[DIRECTIONS FOR THIS TASK]
Each line of the data below goes into the copy exactly; pictures do not.
(GIVEN DATA Opens)
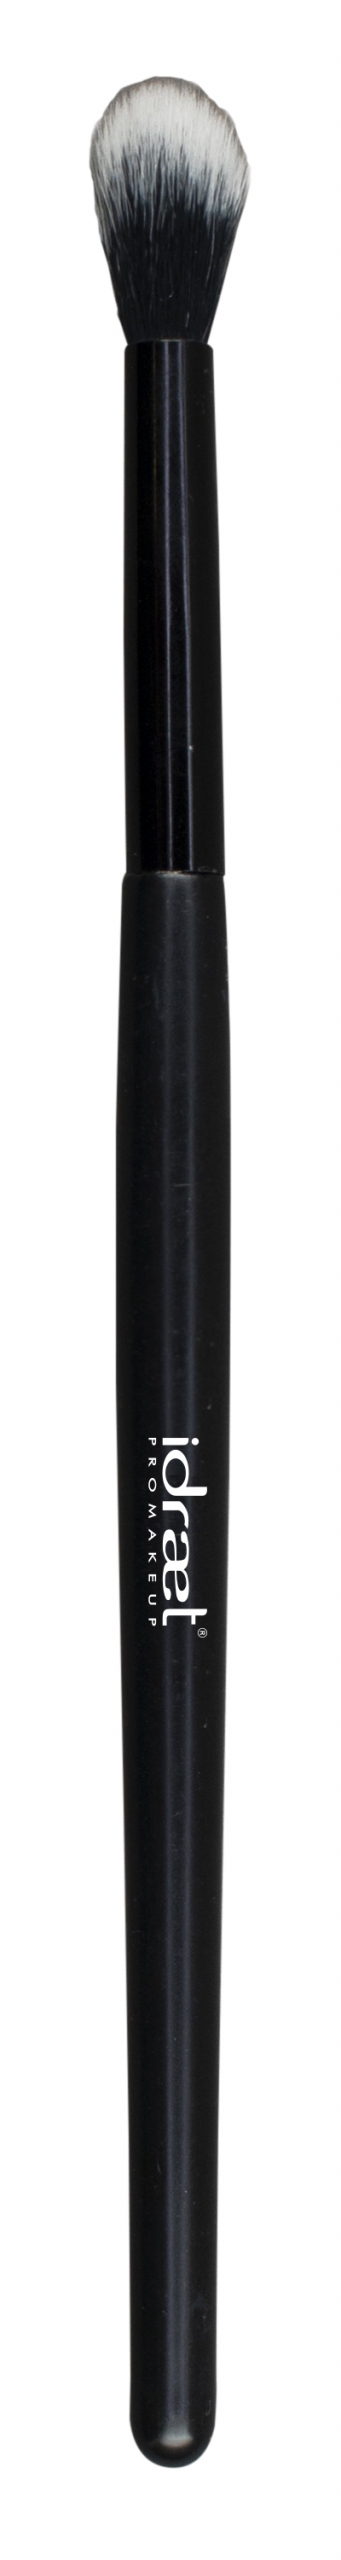 IDRAET - Pincel Blender Largo - S69 Long Blender Brush
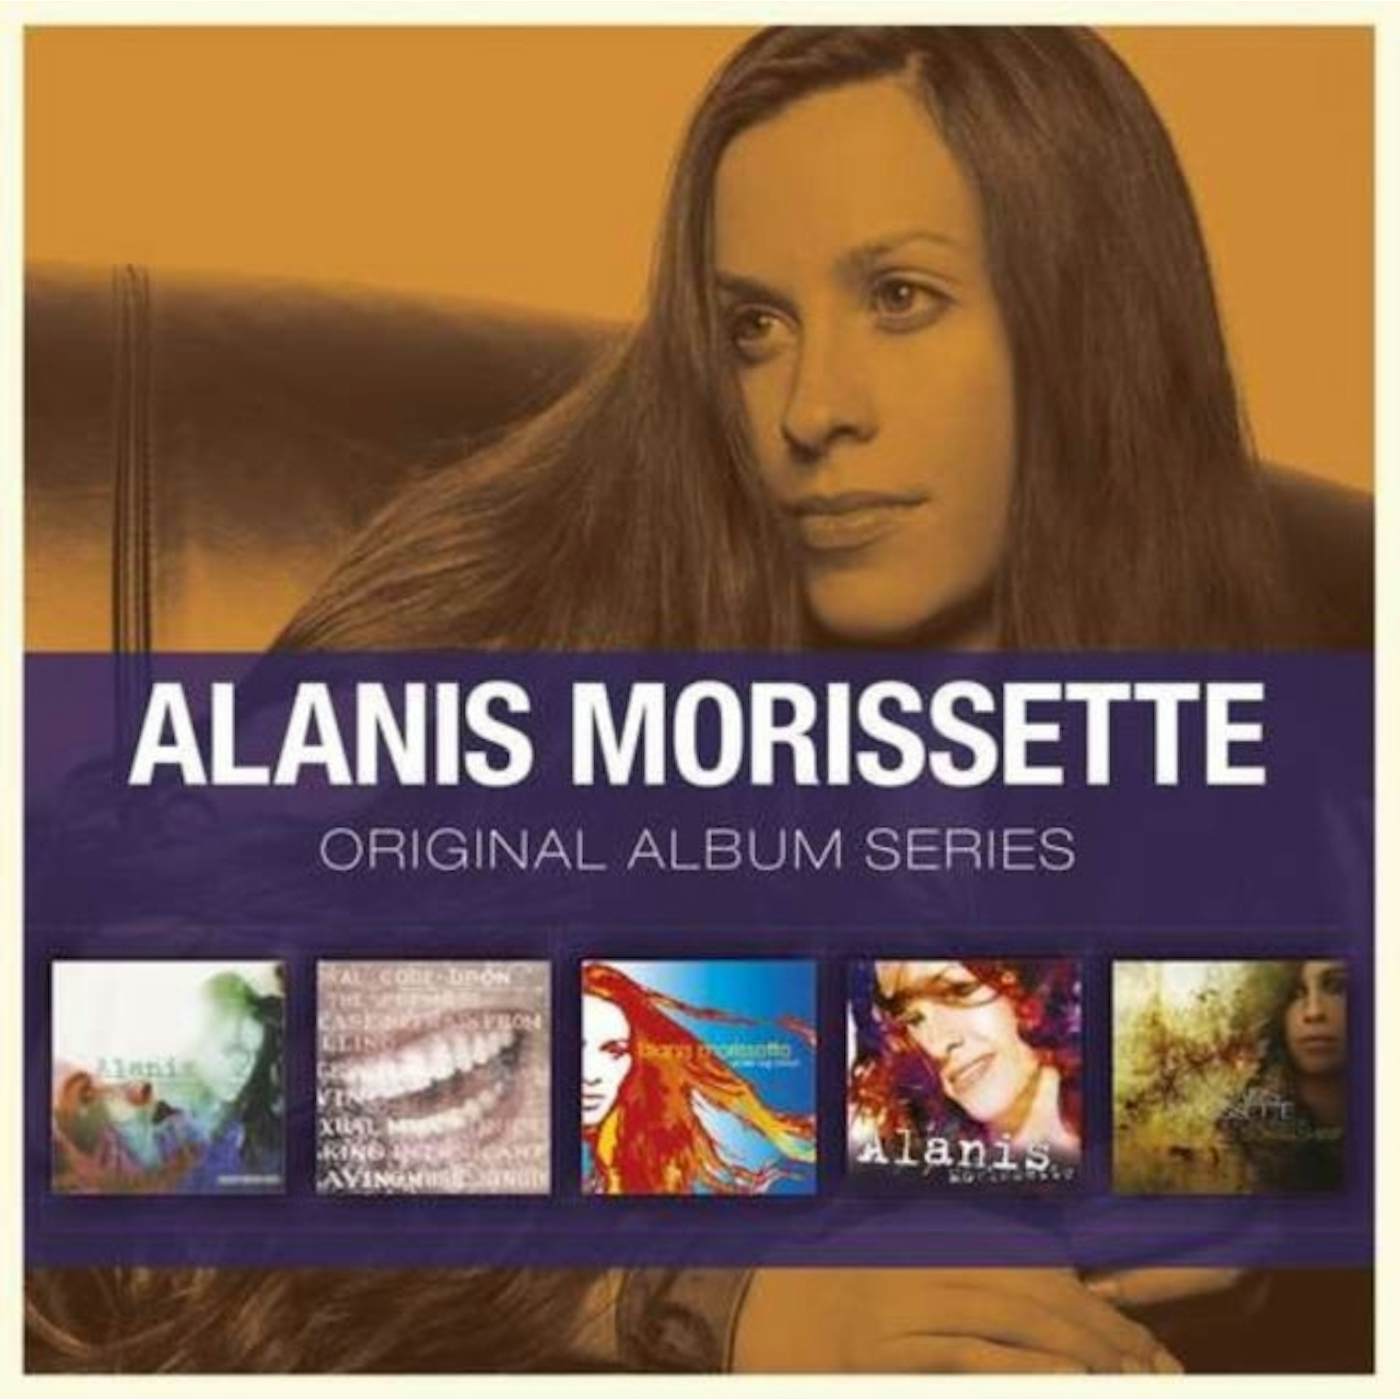 Alanis Morissette CD - Original Album Series
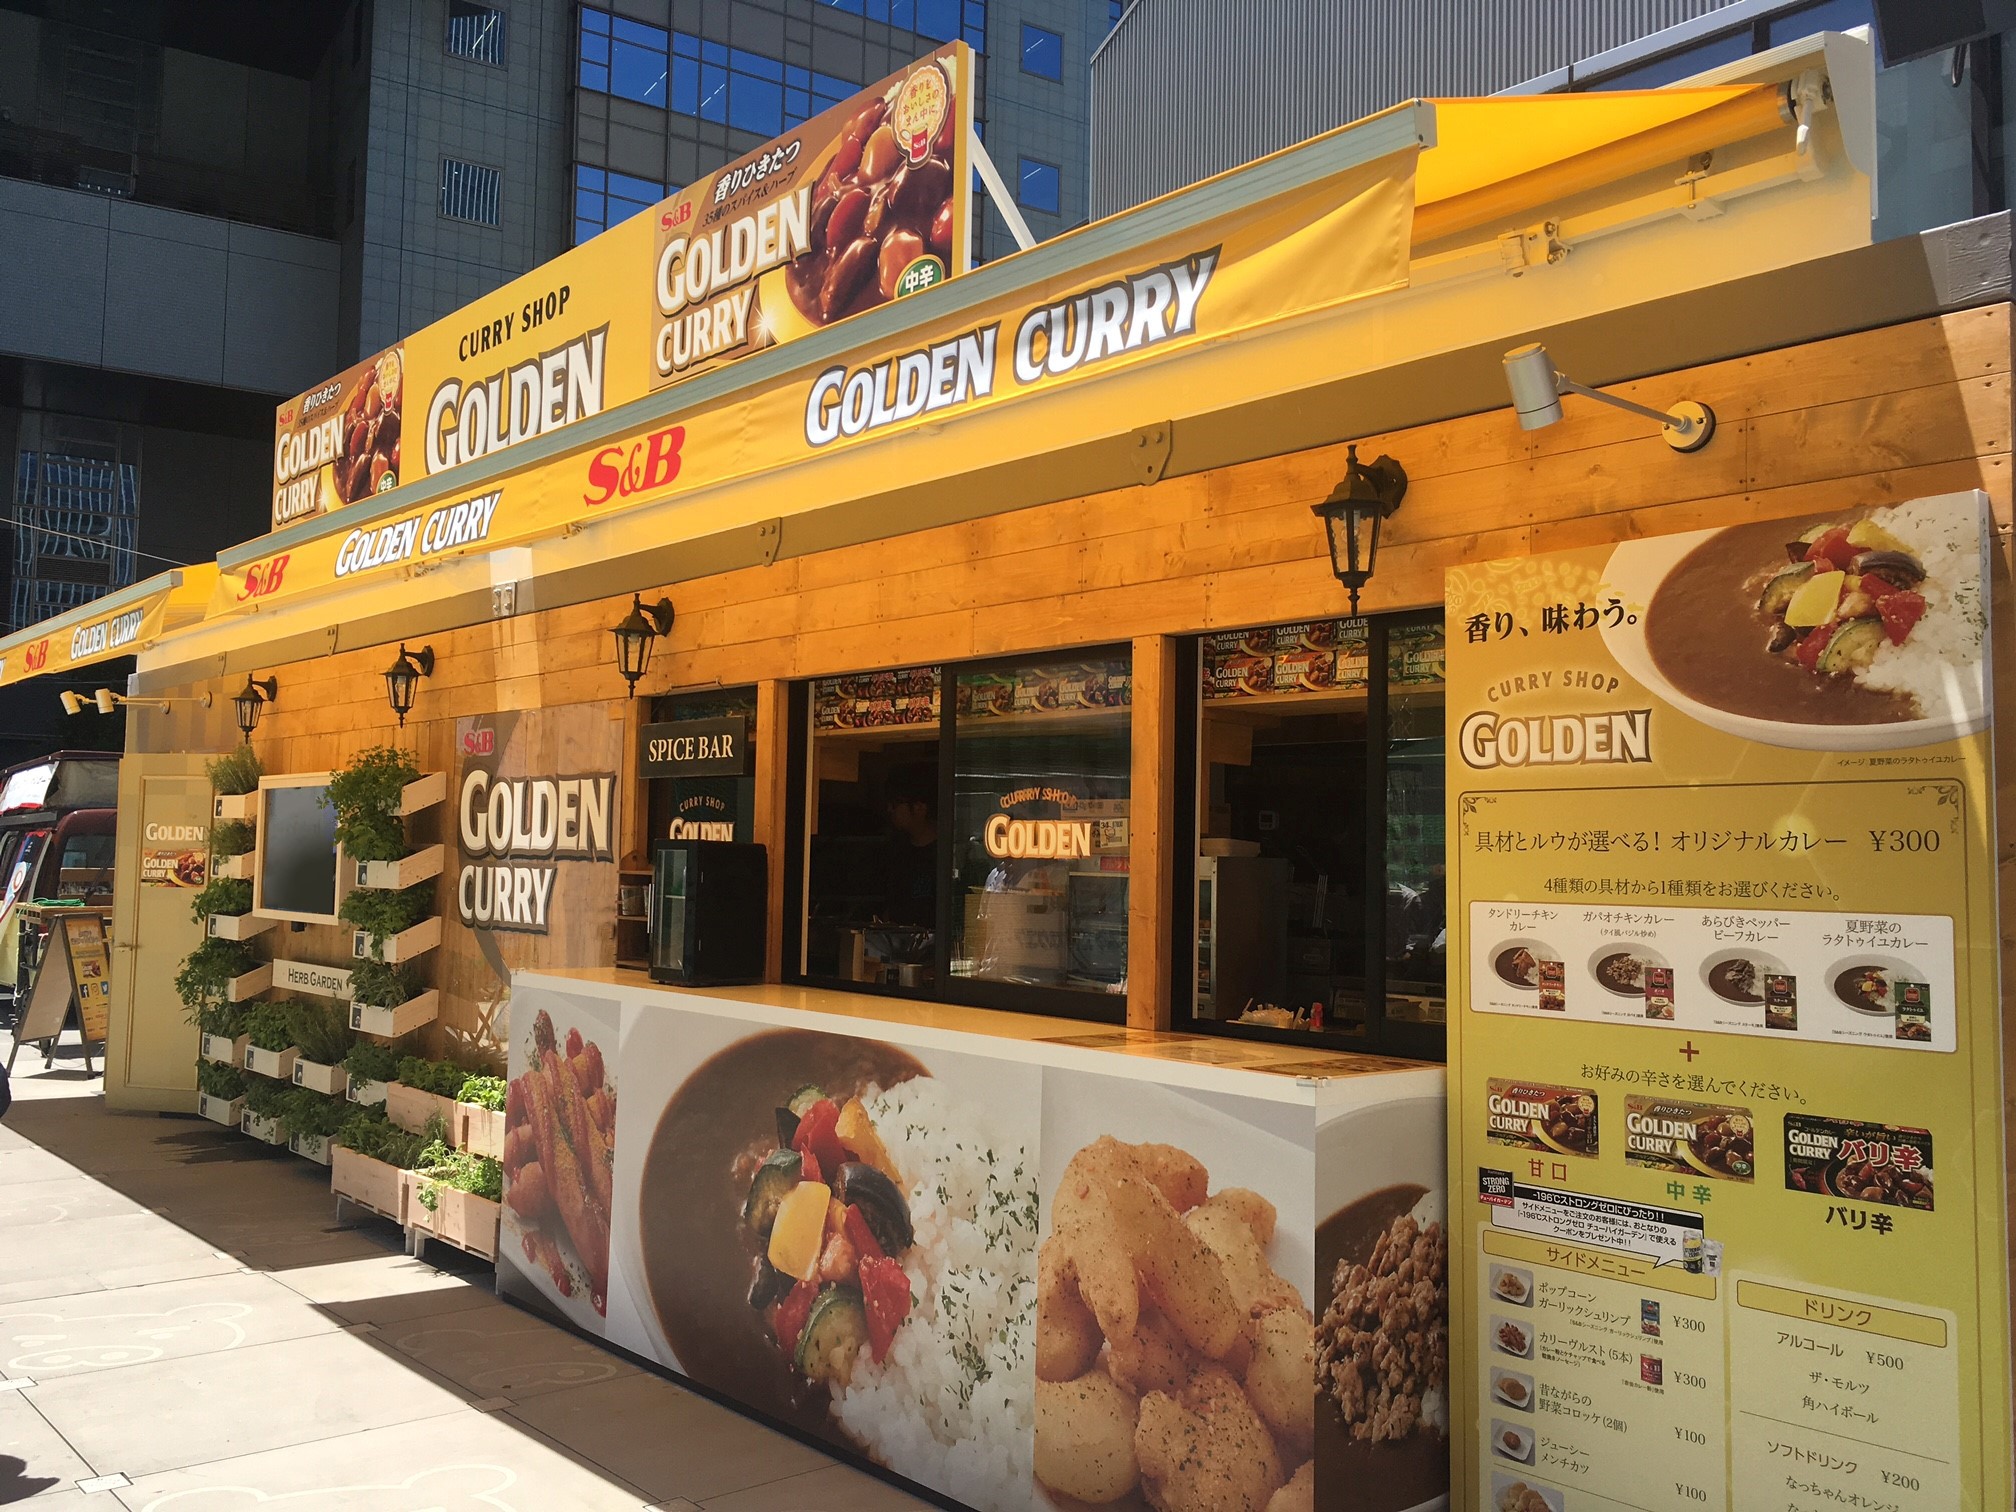 Tbs 夏サカス18 デジタル グルメパーク に Curry Shop Golden35 が7月14日にオープン エスビー食品株式会社のプレスリリース
(GIVEN DATA Closes)
[OUTPUT]
 IDRAET - Pincel Blender Largo - S69 Long Blender Brush
 Alanis Morissette CD - Original Album Series
 Tbs 夏サカス18 デジタル グルメパーク に Curry Shop Golden35 が7月14日にオープン エスビー食品株式会社のプレスリリース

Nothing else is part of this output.